VYPR
kevPublished Jul 17, 2026· 3 sources

CISA Mandates Urgent Patching for Actively Exploited Fortinet FortiSandbox Flaws

CISA has issued an emergency directive requiring federal agencies to patch two critical Fortinet FortiSandbox vulnerabilities, CVE-2026-39808 and CVE-2026-25089, which are being actively exploited in the wild.

The U.S. Cybersecurity and Infrastructure Security Agency (CISA) has issued a Binding Operational Directive (BOD) 26-04, mandating federal agencies to immediately patch two critical vulnerabilities affecting the Fortinet FortiSandbox platform. These flaws, identified as CVE-2026-39808 and CVE-2026-25089, have been confirmed to be actively exploited by threat actors in the wild. Federal agencies are required to apply the available patches by Sunday, July 19, to mitigate the risk of compromise.

Fortinet had previously addressed these vulnerabilities in security advisories released on April 14 and June 9, respectively. Successful exploitation of these flaws allows unauthenticated attackers to remotely execute unauthorized code through low-complexity command injection attacks. These attacks require no user interaction, making them particularly dangerous and easy to deploy.

While Fortinet initially did not confirm in-the-wild exploitation, threat intelligence firm Defused reported on June 16 that attackers had begun abusing these vulnerabilities. Defused noted the exploitation of multiple Fortinet FortiSandbox vulnerabilities, including CVE-2026-39808 and CVE-2026-25089, with indications of a potentially faulty exploit for the latter.

CISA's inclusion of these vulnerabilities in its catalog of Known Exploited Vulnerabilities (KEV) underscores the severity and immediate threat they pose. The directive emphasizes the critical need for timely patching to prevent successful attacks against government networks.

This is not the first time Fortinet products have been targeted.
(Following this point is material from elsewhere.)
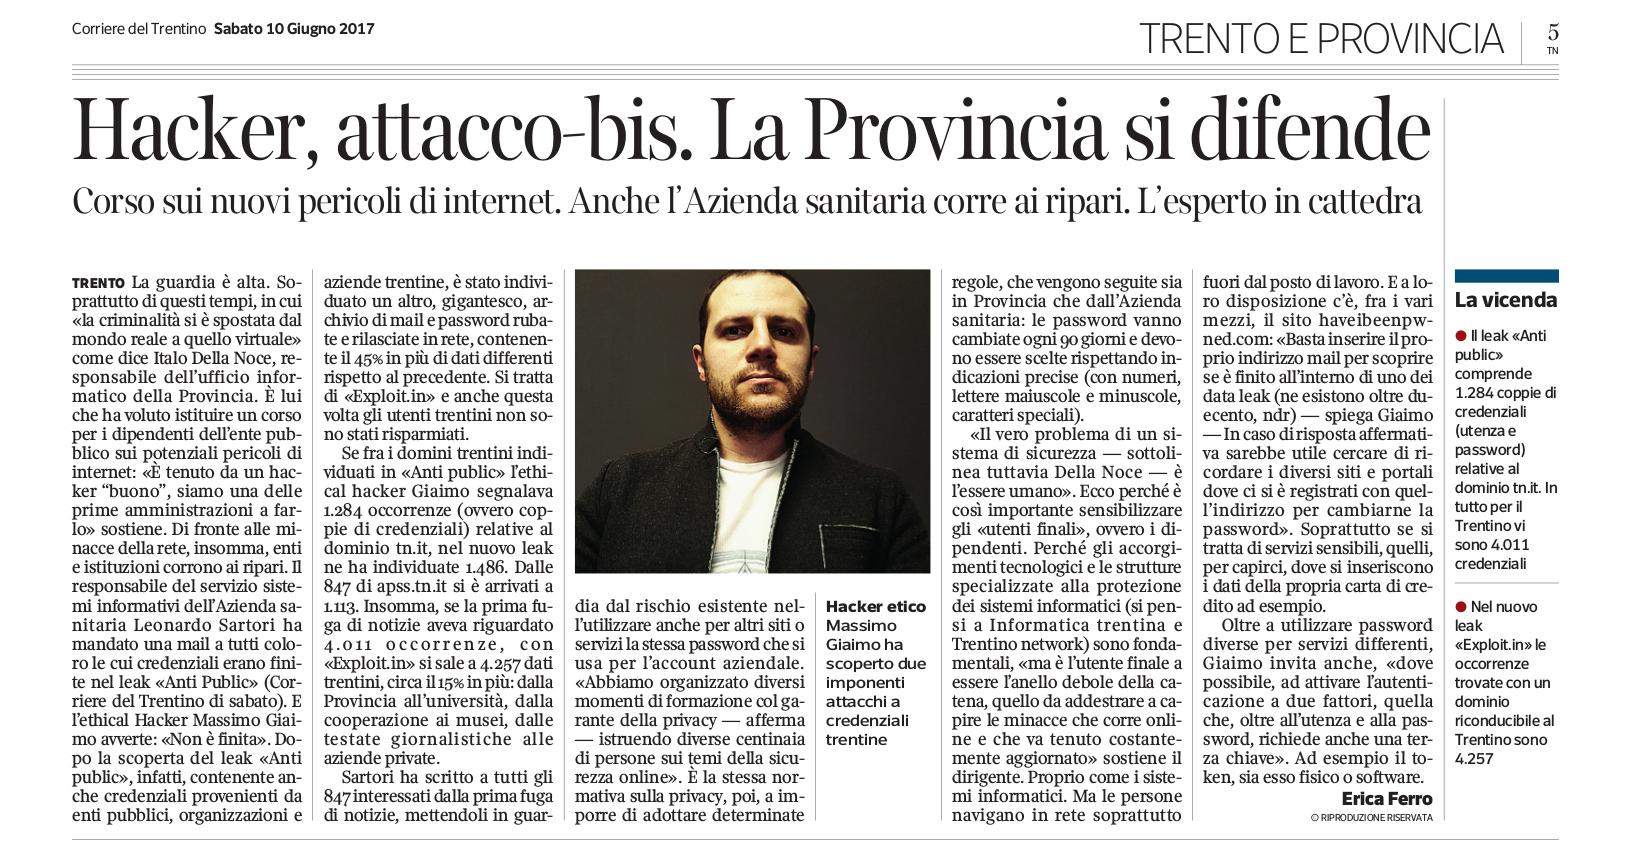 Articolo Corriere del Trentino del 10 giugno 2017

In February, Fortinet patched a critical SQL injection vulnerability (CVE-2026-21643) in its FortiClient Enterprise Management Server (EMS) platform, which was also found to be actively exploited. More recently, a path traversal vulnerability (CVE-2025-61624) was addressed, allowing authenticated attackers to escalate privileges.

Fortinet vulnerabilities have historically been a lucrative target for cybercriminals, frequently appearing in cyber espionage campaigns and ransomware attacks, often as zero-day exploits. CISA currently tracks 28 Fortinet vulnerabilities that have been exploited in attacks in recent years, with 13 of those also being leveraged in ransomware operations.

Organizations using FortiSandbox are strongly advised to review their configurations and ensure they are running the latest patched versions. The directive serves as a stark reminder of the ongoing threat landscape and the importance of proactive vulnerability management, especially for critical infrastructure and government systems.

The article from Cyber Security News provides further details on the exploitation of CVE-2026-39808 and CVE-2026-25089 in Fortinet FortiSandbox. It clarifies that both vulnerabilities are OS command injection flaws (CWE-78) and can be exploited remotely by unauthenticated attackers via crafted HTTP requests, allowing arbitrary command execution. The report also emphasizes the broader impact of CVE-2026-25089, affecting FortiSandbox Cloud and PaaS environments in addition to the direct FortiSandbox product.

The new article provides specific details on the two vulnerabilities, CVE-2026-39808 and CVE-2026-25089, both rated critical with a CVSS score of 9.1. CVE-2026-39808, an OS command injection flaw affecting FortiSandbox versions 4.4.0-4.4.8, was patched in 4.4.9. CVE-2026-25089, another OS command injection vulnerability, impacts broader versions including 5.0.0-5.0.5, 4.4.0-4.4.8, all 4.2 versions, and specific cloud/PaaS versions, with patches available in 4.4.9 and 5.0.6.